The density of lead is more than 11 times higher than the density of water. You will need the water density to increase due to pressure at the bottom by a similar factor. The pressure at the deepest ocean areas (about 11 km) is about $ 11 \times 10^7 Pa $. The bulk modulus of water being about 2 GPa, the change in volume produced by a pressure of $ 11 \times 10^7 Pa $. will be about $$ \frac{11\times 10^7 Pa}{2 \times 10^9 Pa} = 5.5 \times 10^{-2} $$ or about 5%. This is the order of magnitude of the density changes in the water. The effect is negligible compared with the goal.
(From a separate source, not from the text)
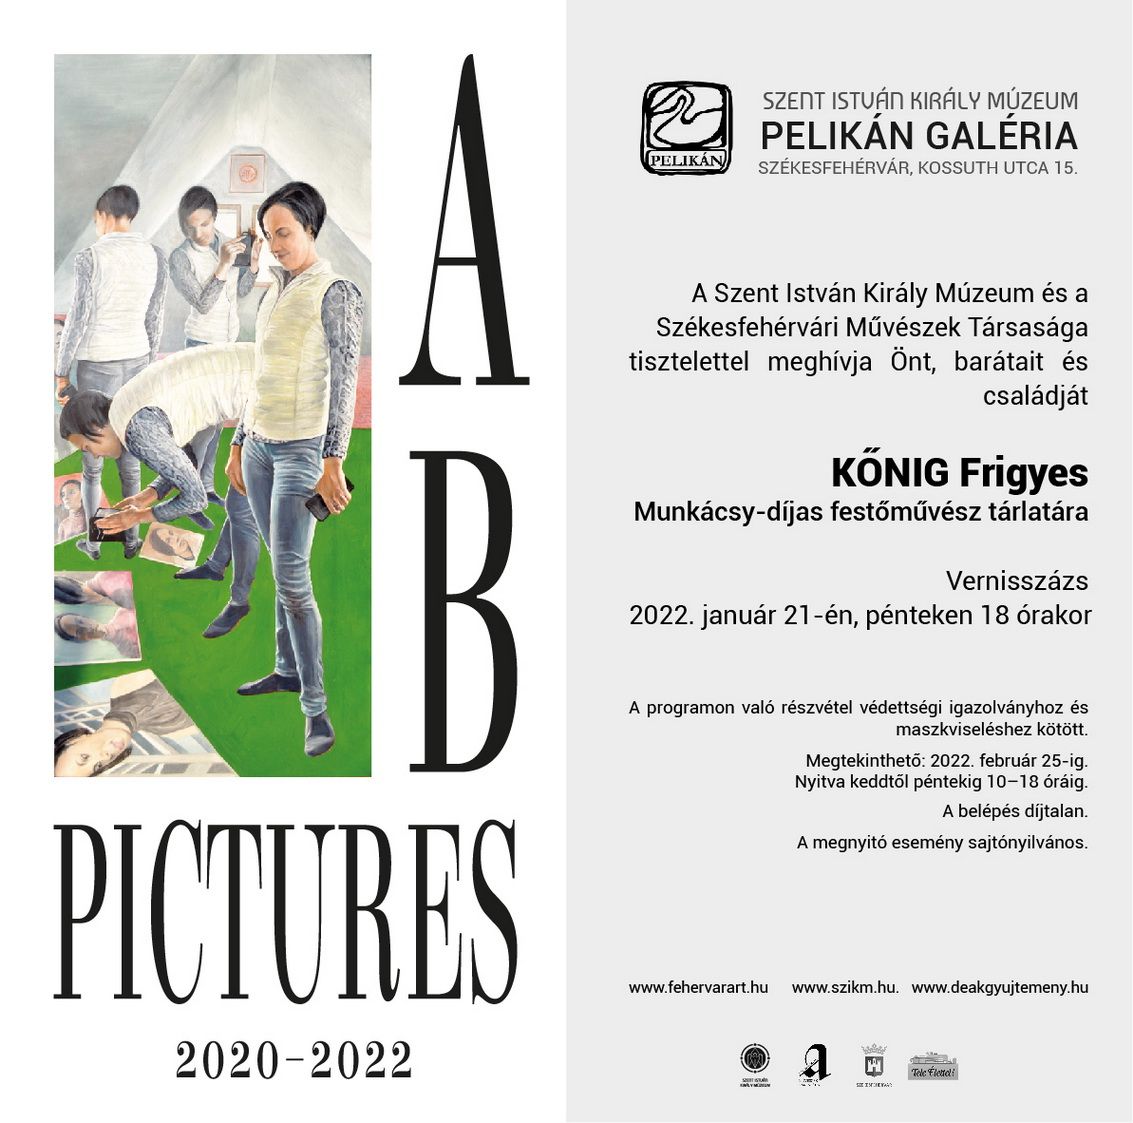 B Pictures 2020–2022 - Kőnig Frigyes tárlata nyílik meg a Pelikán Galériában
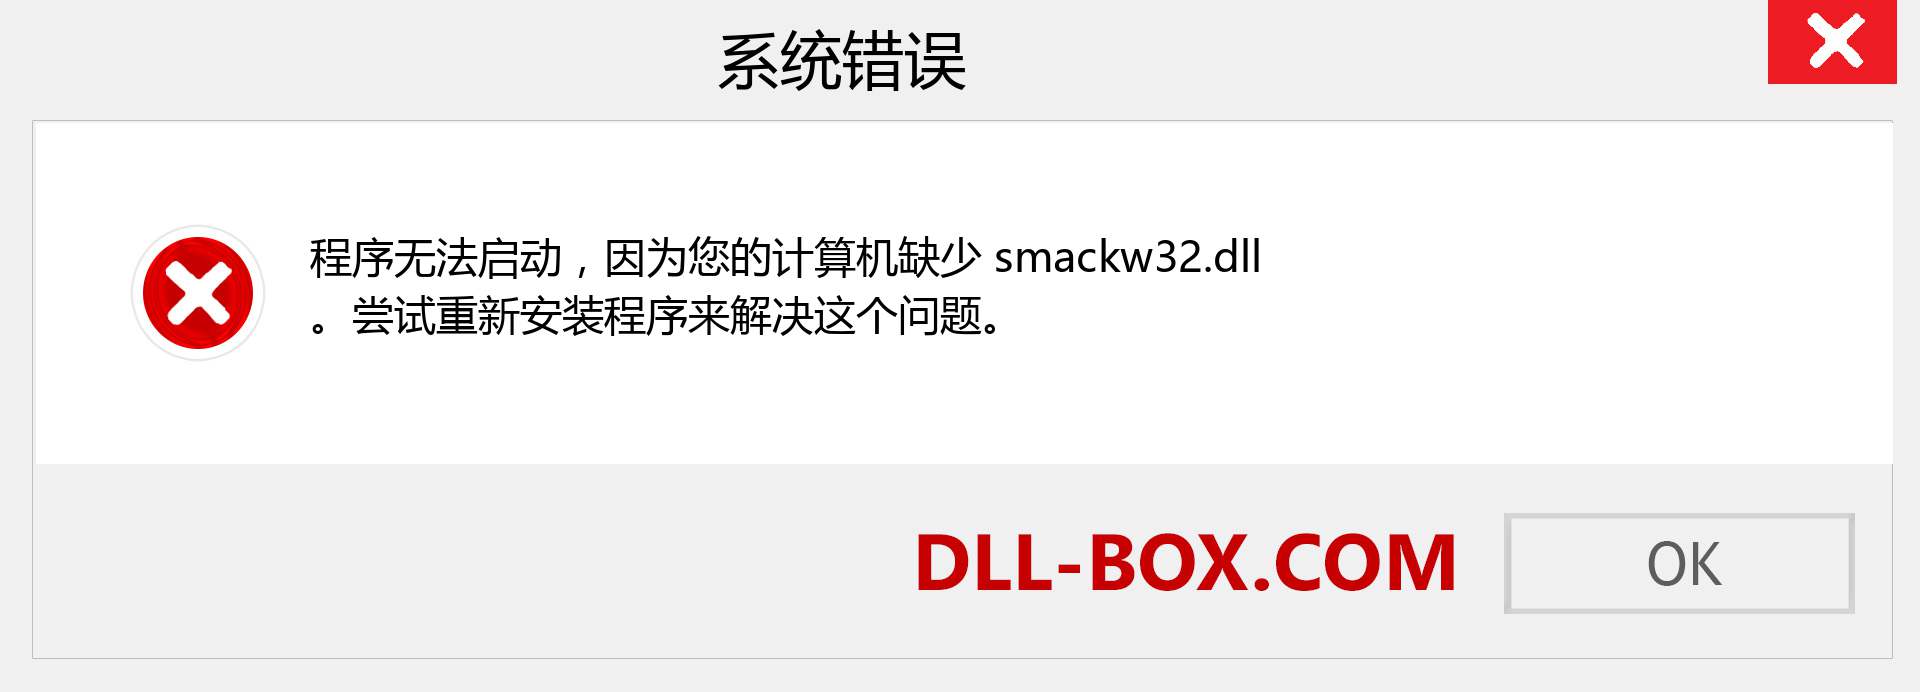 smackw32.dll 文件丢失？。 适用于 Windows 7、8、10 的下载 - 修复 Windows、照片、图像上的 smackw32 dll 丢失错误

And compresibility of water at high pressures may be even higher that the value used in this estimation so the effect will be even smaller.
If you want some imaginary situation rather than realistic depths, we could estimate the pressure for water to reach density of lead.
Assuming a still linear behavior of water pressure with depth, to have an increase in density of 11 times rather than 0.05, the depth should be about 11/0.05=220 times more than the 11 km. So about a couple athousand kilometers.
However at this depth the gravity is significantly reduced (Radius of Earth 6400 km). The water compresibility may change significantly. And it way even suffer a phase transition. This should be looked up.
Yes, looking at phase diagrams of water, at pressures over about 10 GPa it will be in one of the solid phases so the question of buoyancy becomes irrelevant.
So the final point I think is that water will be solid before its density in liquid form becomes equal to the density of lead.